Psychiatrist: She seemed pretty scared…
A: (long pause) I wonder what it will be like to move. Do you think there are other Asian kids there?
A then wanted to search the Internet, looking for the demographics of her new town. She mentioned, off-hand, that she knew Buffy was hurting, but also that Buffy seemed to weather the pain of her separation from Angel.
In this instance, the therapist is able to help A grapple with her fears of separation and being alone by encouraging her association to Buffy's separation from Angel. Although these themes are not unique to Buffy the Vampire Slayer, the fact that both therapist and patient were aware of the show's developments presented the opportunity for therapeutic displacement and identification. Also, the supernatural circumstances that propelled Buffy's suffering helped A to convey the magnitude of her own powerful fears. As these fears were realized and endured in therapy, she was able to move forward with a more constructive approach to her impending life changes.
B was an 11-year-old boy who was admitted to a psychiatric hospital after he became increasingly disorganized and psychotic in his foster home. A frequently neglected child, B was placed into social services custody while he was admitted, a familiar arrangement for him, but one that made him feel extremely sad and lonely. As he became more organized, he began to insist that he, like Buffy, was a vampire slayer. He was extremely familiar with Buffy the Vampire Slayer, and he mentioned that he was different from Buffy because he was male and because he was his own watcher. During therapy sessions, he was needy and frenetic, excited by the personal attention but perhaps overwhelmed by the intimacy of the engagement. In one session, he wanted to talk about Faith, another slayer who eventually betrays Buffy and turns evil and vindictive.

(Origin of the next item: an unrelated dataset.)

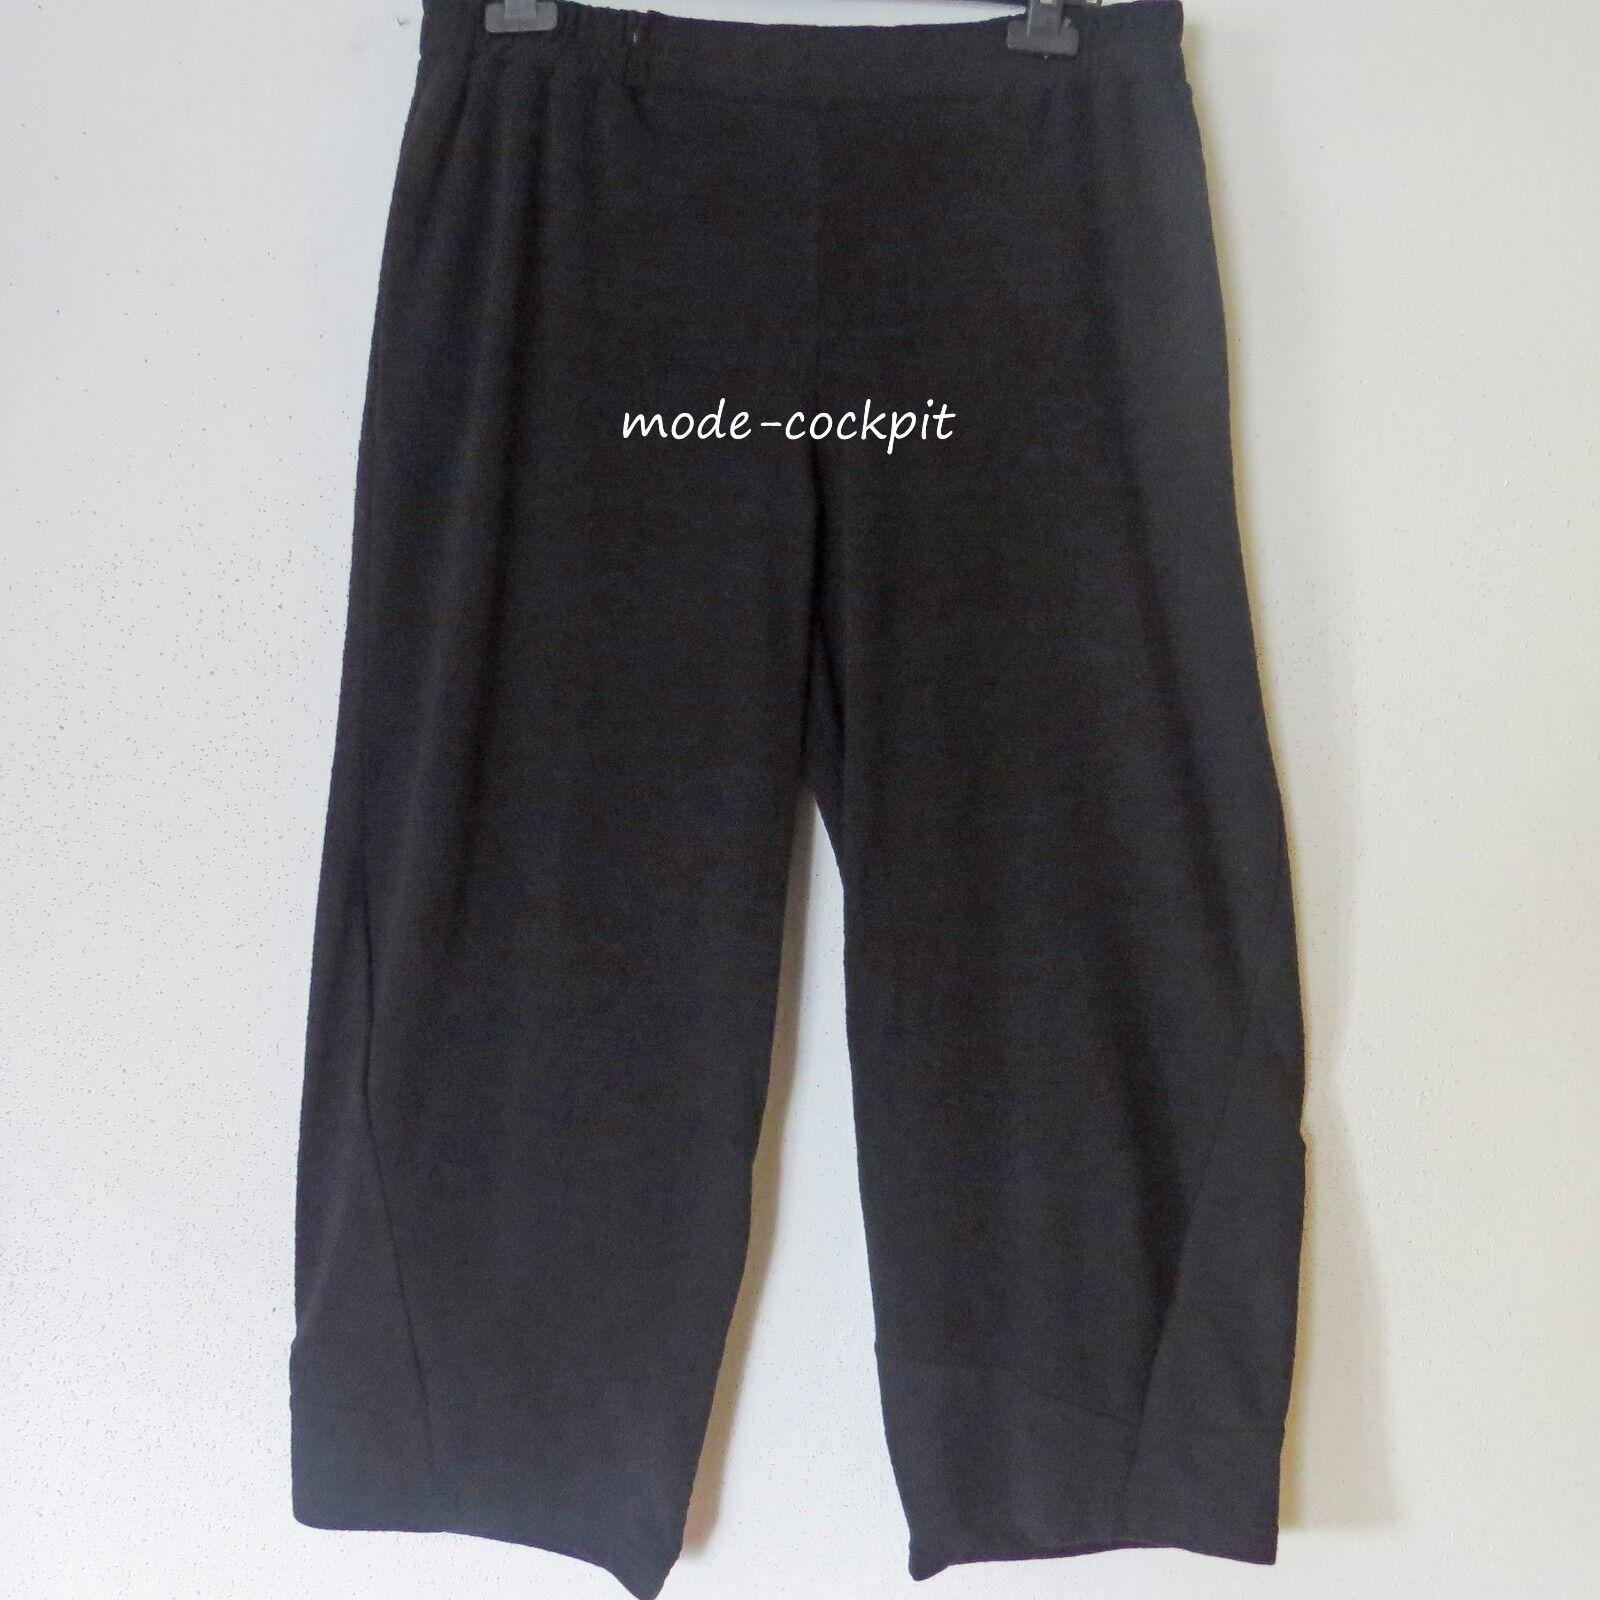 LUUKAA weite Kuschel Hose Stiefelhose + Taschen Lagenlook black 48-50 (6)

B: Remember, I'm a slayer, you know. I can take care of myself … And I hate Faith. She's so awful!
Psychiatrist: What makes Faith so bad?
B: She was Buffy's friend and then she wasn't.

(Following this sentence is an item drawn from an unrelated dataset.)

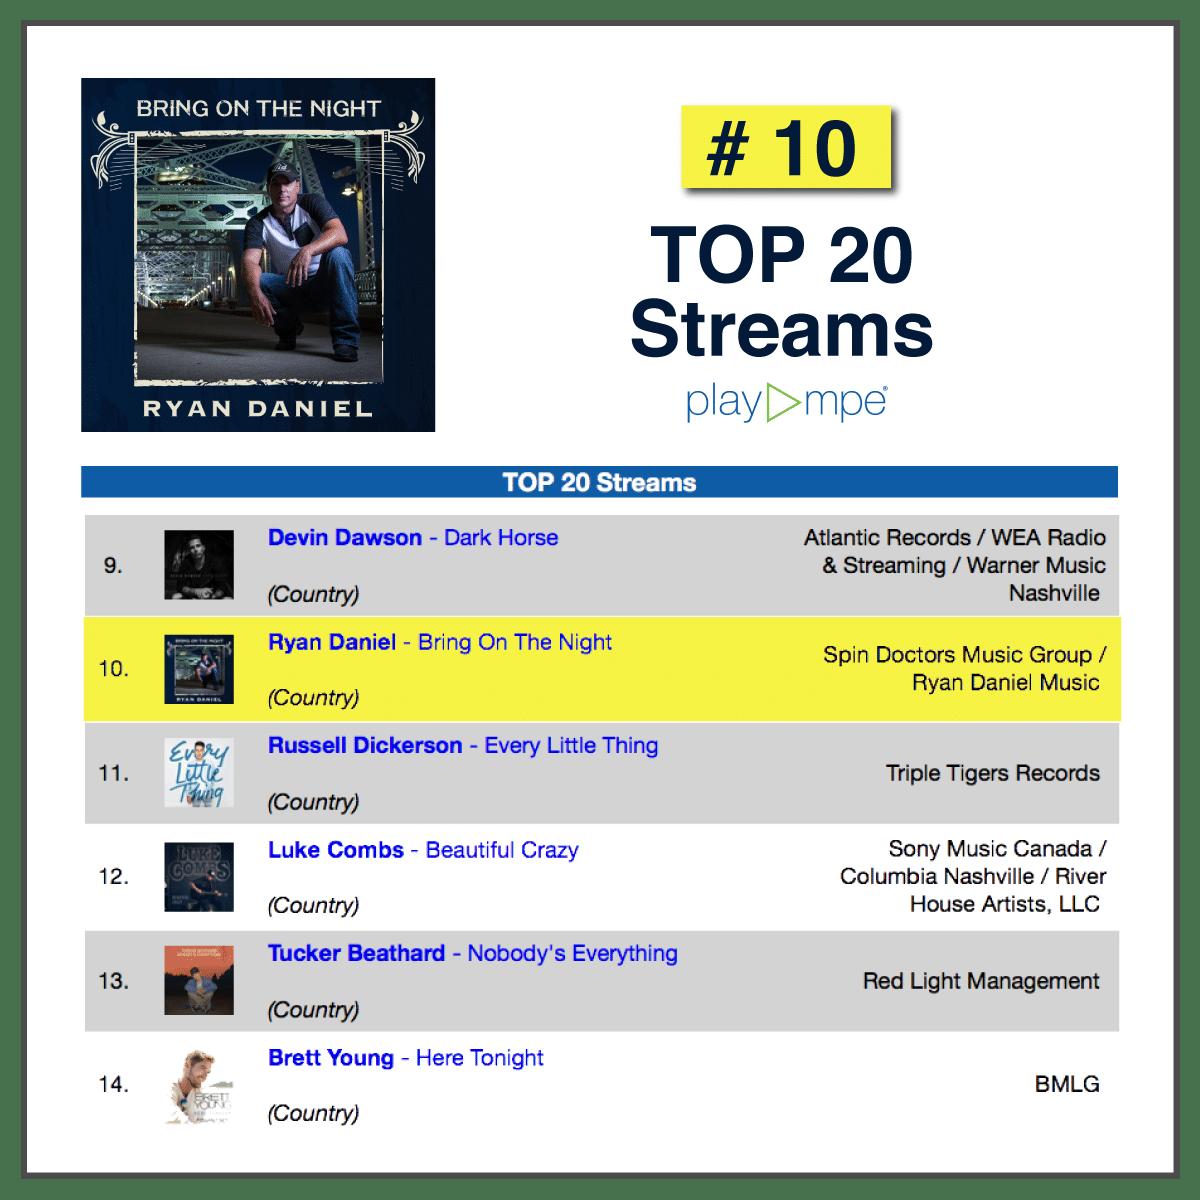 billboard hot 100 singles chart mp3

B then wanted to share a song that another patient had recently taught him. In the song, a worm eats first a shoe, then a dog, then a house. Eventually, the worm consumes so much that it pops and is destroyed. "Scary to be so hungry," the therapist noted, and B smiled and sat down.

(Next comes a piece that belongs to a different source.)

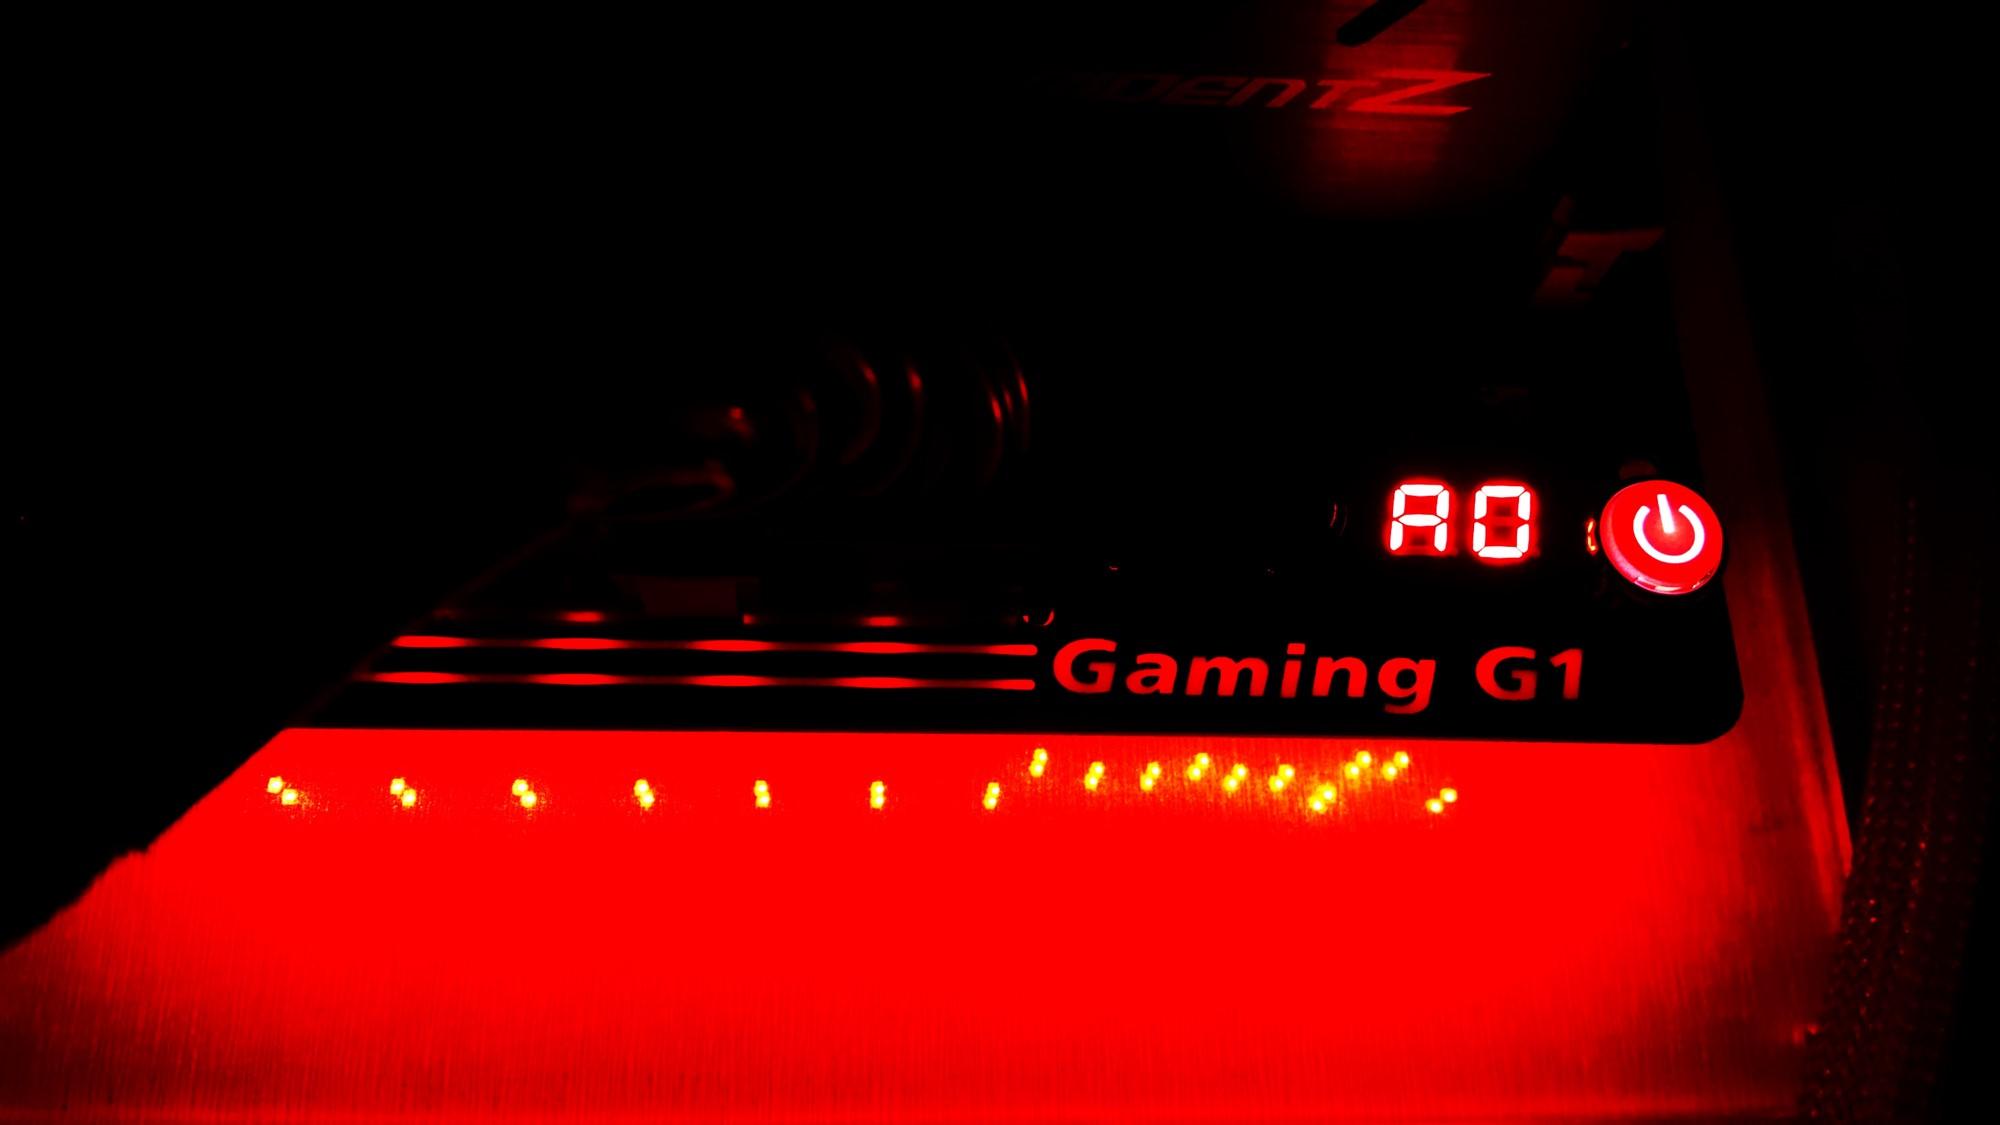 نظره على اغلي لوحه ام بي شريحه z170 من gaming g1 gigabyte بي سعر473 $

B appears to look to the construct of the vampire as a means of identifying the intense rage that he experiences as his object hunger is continually unfulfilled. Importantly, B defends against these feelings by identifying with the slayer rather than the vampire, thus communicating to the therapist the extent to which his psychic hunger feels dangerous and out of control. His notion that he is his own watcher accentuates his experience that he is alone in a dangerous world. Nurturing caretakers have consistently failed him, leading him to conclude that protecting himself is the most effective method of avoiding painful disappointments. Hence his preoccupation with Faith's betrayal of Buffy, allowing him to displace his sadness and rage by focusing instead on Buffy's bewilderment and disappointment. As Faith's name suggests, it is the belief, the faith, that children will be cared for, that has been crushed by B's experience. From these observations, the therapist determined that B would not readily believe in the therapeutic intentions of the treatment team. Buffy the Vampire Slayer offered a world of displacement, creating the distance necessary for B to more comfortably express his anger and disillusionment and to have these feelings understood and unconditionally accepted by those attempting to help him.